Harness Engineering: Evolution of MLOps to AutoMLOps
How Harness Engineering looks like for your MLOps setup
Hey there 👋,
Everyone is talking about Karpathy’s AutoResearch, or at least almost done talking about it.
The idea is simple and intuitive: an AI coding agent, like Claude Code, Codex, or a similar tool, reads a research-direction file, edits the training code, runs a short experiment, scores the result against a frozen metric, and then either keeps the change or reverts it.
That is what we mean when we say “the agent” later in this post. Not a magical AI scientist. Just an agent running inside a very specific contract: it can edit some parts of the codebase, it cannot edit the evaluator, and it only keeps changes that improve the metric.
This is a powerful idea because it changes the shape of experimentation. Instead of a human trying one idea, waiting for the run to finish, checking the result, and then manually trying the next idea, the agent can keep trying small changes on its own. Overnight, on a machine, without a human sitting in the loop.
But once you move away from a clean research setup and think about real production ML systems, the question becomes more interesting.

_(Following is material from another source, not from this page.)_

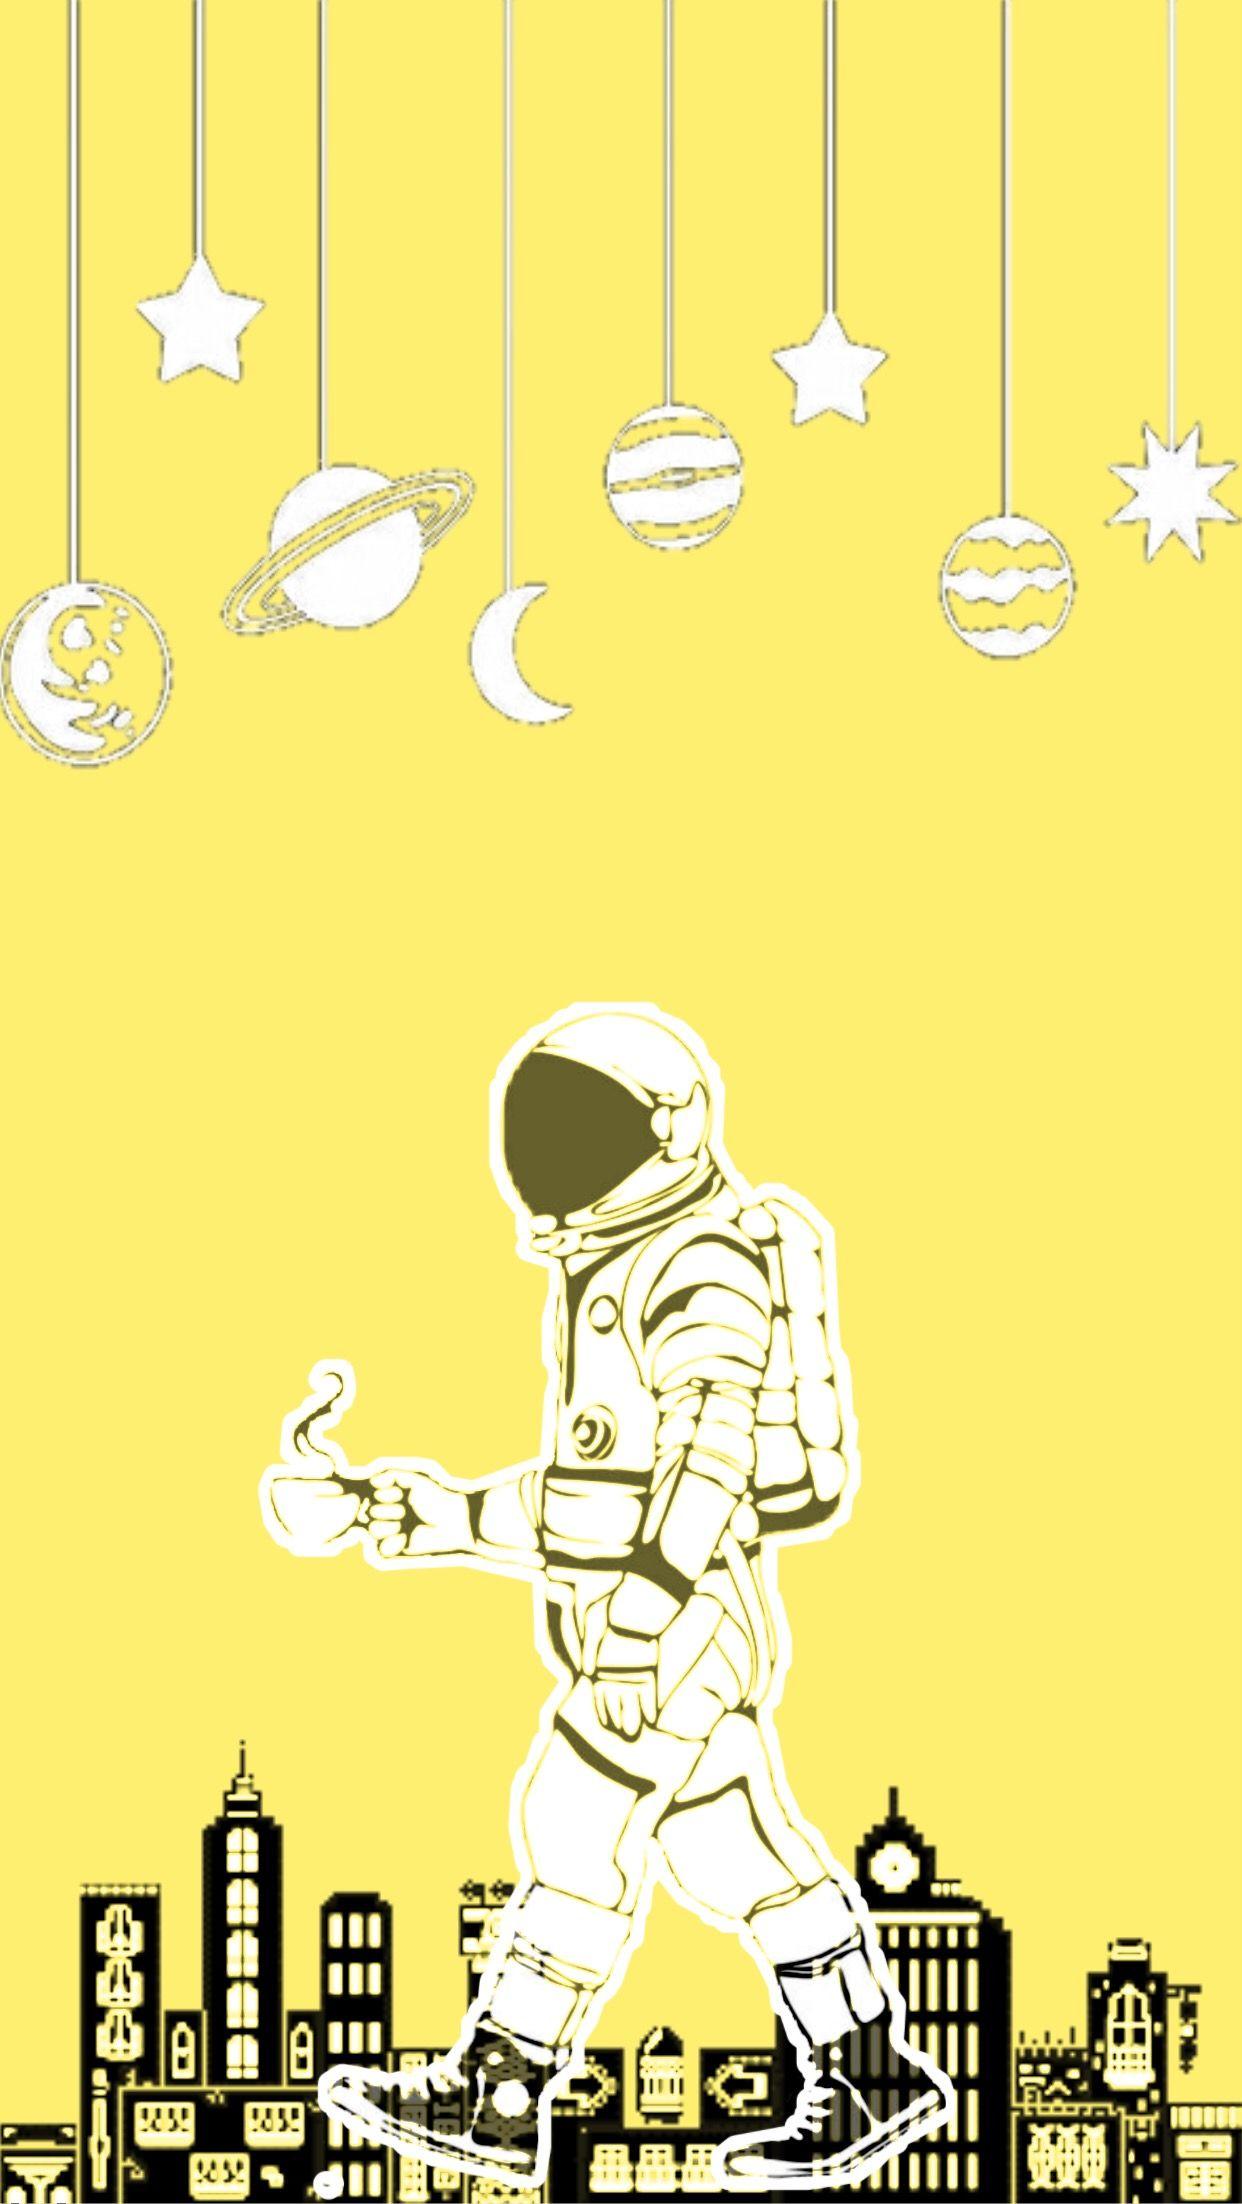 Yellow Lockscreen Wallpaper Background Astronaut Space City Aesthetic Yellow Aesthetic Pastel Astronaut Wallpaper Artsy Background

How does this apply to a real MLOps setup? Can it make the experimentation cycle faster than what teams have already built? And most importantly, how do you make sure the agent is not just improving an offline ML metric while the actual business metric stays flat?
That is where things become important for AI/ML engineers.
MLOps as a discipline has mostly focused on making ML systems reliable: tracking experiments, versioning models, reproducing training runs, monitoring drift, and deploying models safely. But AutoResearch introduces a new possibility. What if the experimentation loop itself becomes partially automated?
Once you start thinking seriously about that, you realize traditional MLOps is not quite enough. With what LLMs and coding agents are now making possible, we may need a new layer on top of MLOps. In this post, we will call that layer AutoMLOps. This is exactly harness engineering for MLOps.
This is not an official term. Think of it as a useful mental model.
AutoMLOps is not just “add an AI agent to your ML workflow.” Teams are already using agents for literature review, code generation, feature engineering, PR review, and experiment planning. That is useful, but it is only the beginning.
AutoMLOps is what comes after that. It is an end-to-end experimentation loop where the agent can run unattended, but only inside boundaries designed by humans. The goal is not to replace ML engineers. The goal is to let agents safely explore small implementation and optimization ideas while humans design the problem, the metric, the evaluation gates, and the production constraints.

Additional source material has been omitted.